Estas transformaciones impulsaron un importante progreso en la eficiencia económica.  Sin embargo, algo profundamente importante se perdió en el proceso, pues fueron pasadas por alto oportunidades más que fundamentales para la creación de valor.  El alcance del pensamiento estratégico se contrajo.

La teoría estratégica dice que para tener éxito una empresa debe crear una propuesta de valor distintiva que satisfaga las necesidades de un conjunto escogido de clientes.  La empresa obtiene una ventaja competitiva con la forma en que configura la cadena de valor o el conjunto de actividades involucradas en la creación, producción, venta, entrega y respaldo de sus productos o servicios.  Durante décadas la gente de negocios ha estudiado el posicionamiento y las mejores maneras para diseñar actividades e integrarlas.  Sin embargo, las empresas han pasado por alto oportunidades para satisfacer necesidades fundamentales de la sociedad y no han sabido comprender cómo los males y las debilidades de la sociedad afectan a las cadenas de valor.  Nuestro campo de visión ha sido demasiado estrecho.
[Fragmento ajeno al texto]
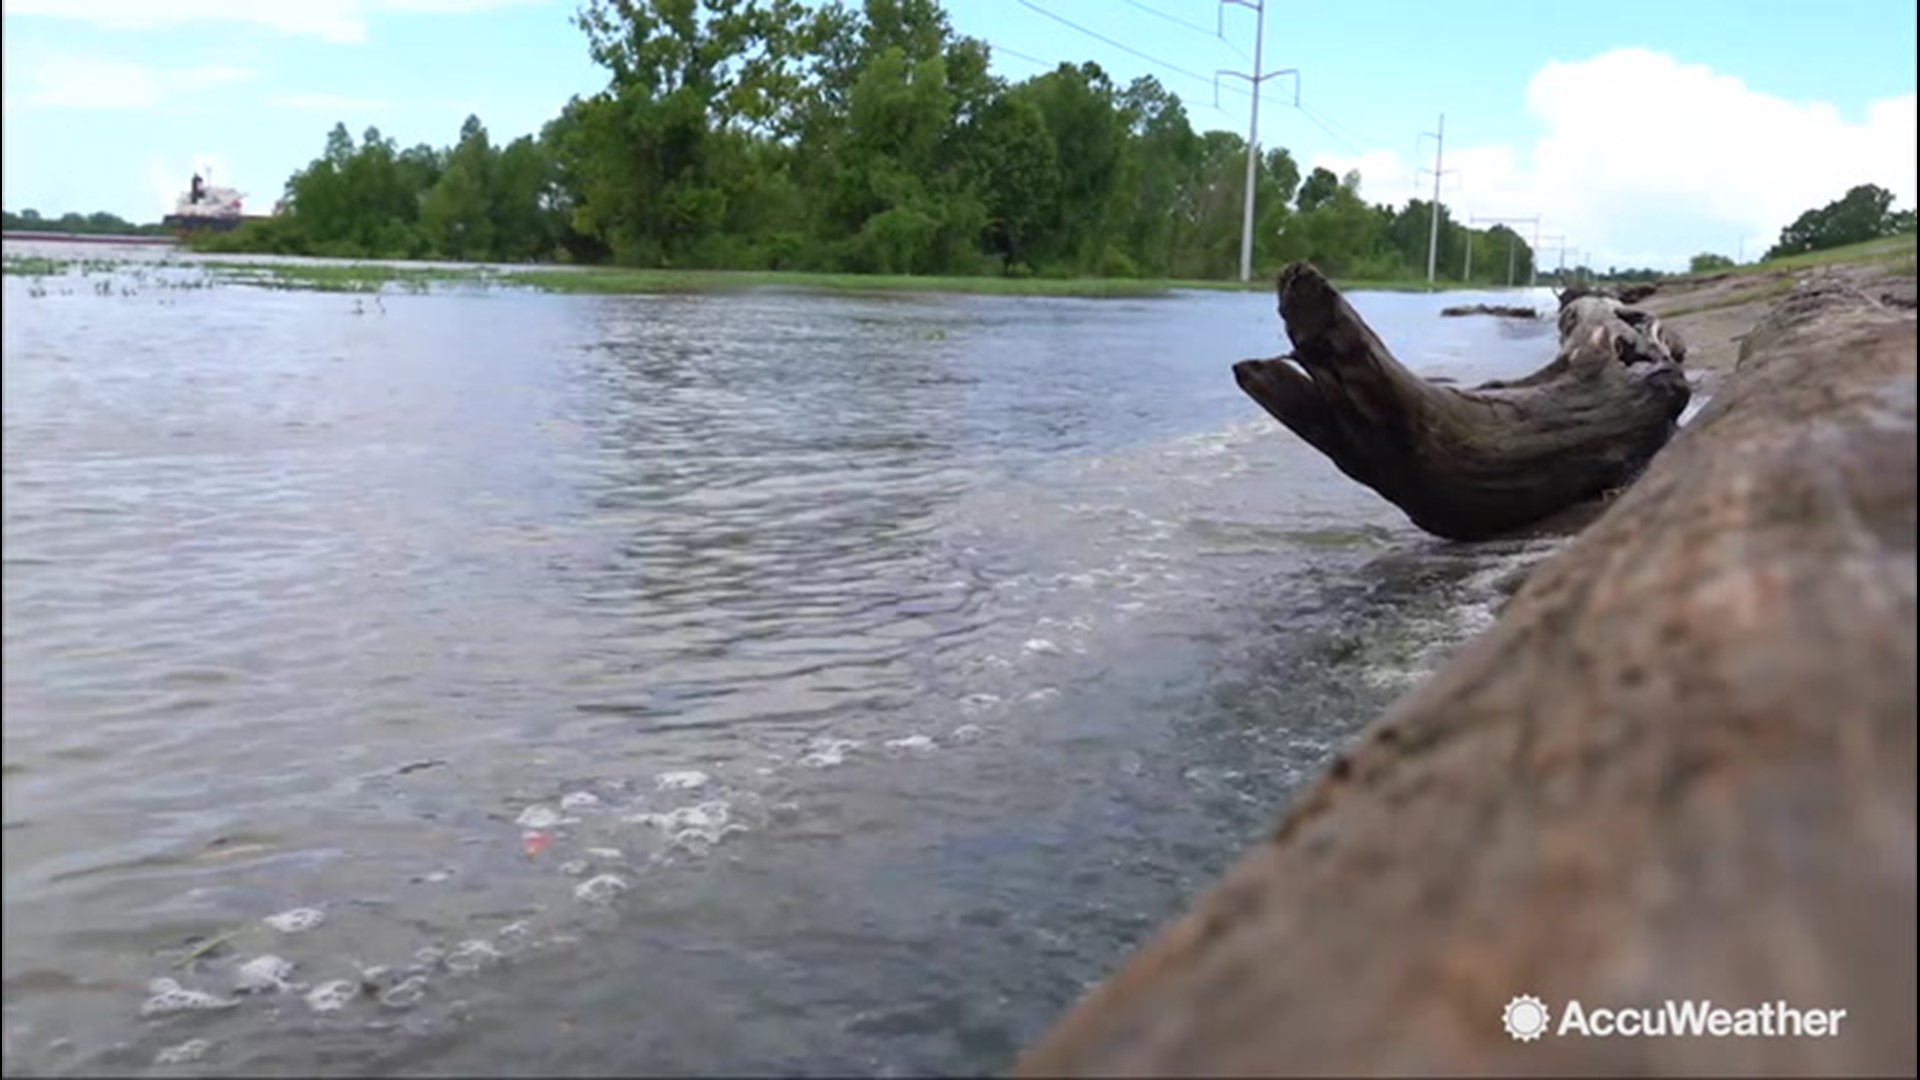 Unseasonably high water in the Mississippi is causing concerns about the levee systems around New Orleans, as hurricane season is just getting started. Accuweather's Jonathan Petramala spoke with emergency managers about  how the city plans to stay safe if a storm comes its way.

Al tratar de comprender el entorno de negocios, los ejecutivos le han prestado más atención al sector o al negocio en particular donde compite la firma.  Es así porque la estructura del sector tiene un impacto decisivo en la rentabilidad de una firma.  Sin embargo, se pasó por alto el profundo efecto que tiene la localización en la productividad y la innovación.  Las empresas no han sabido captar la importancia del entorno mayor que rodea a sus principales operaciones.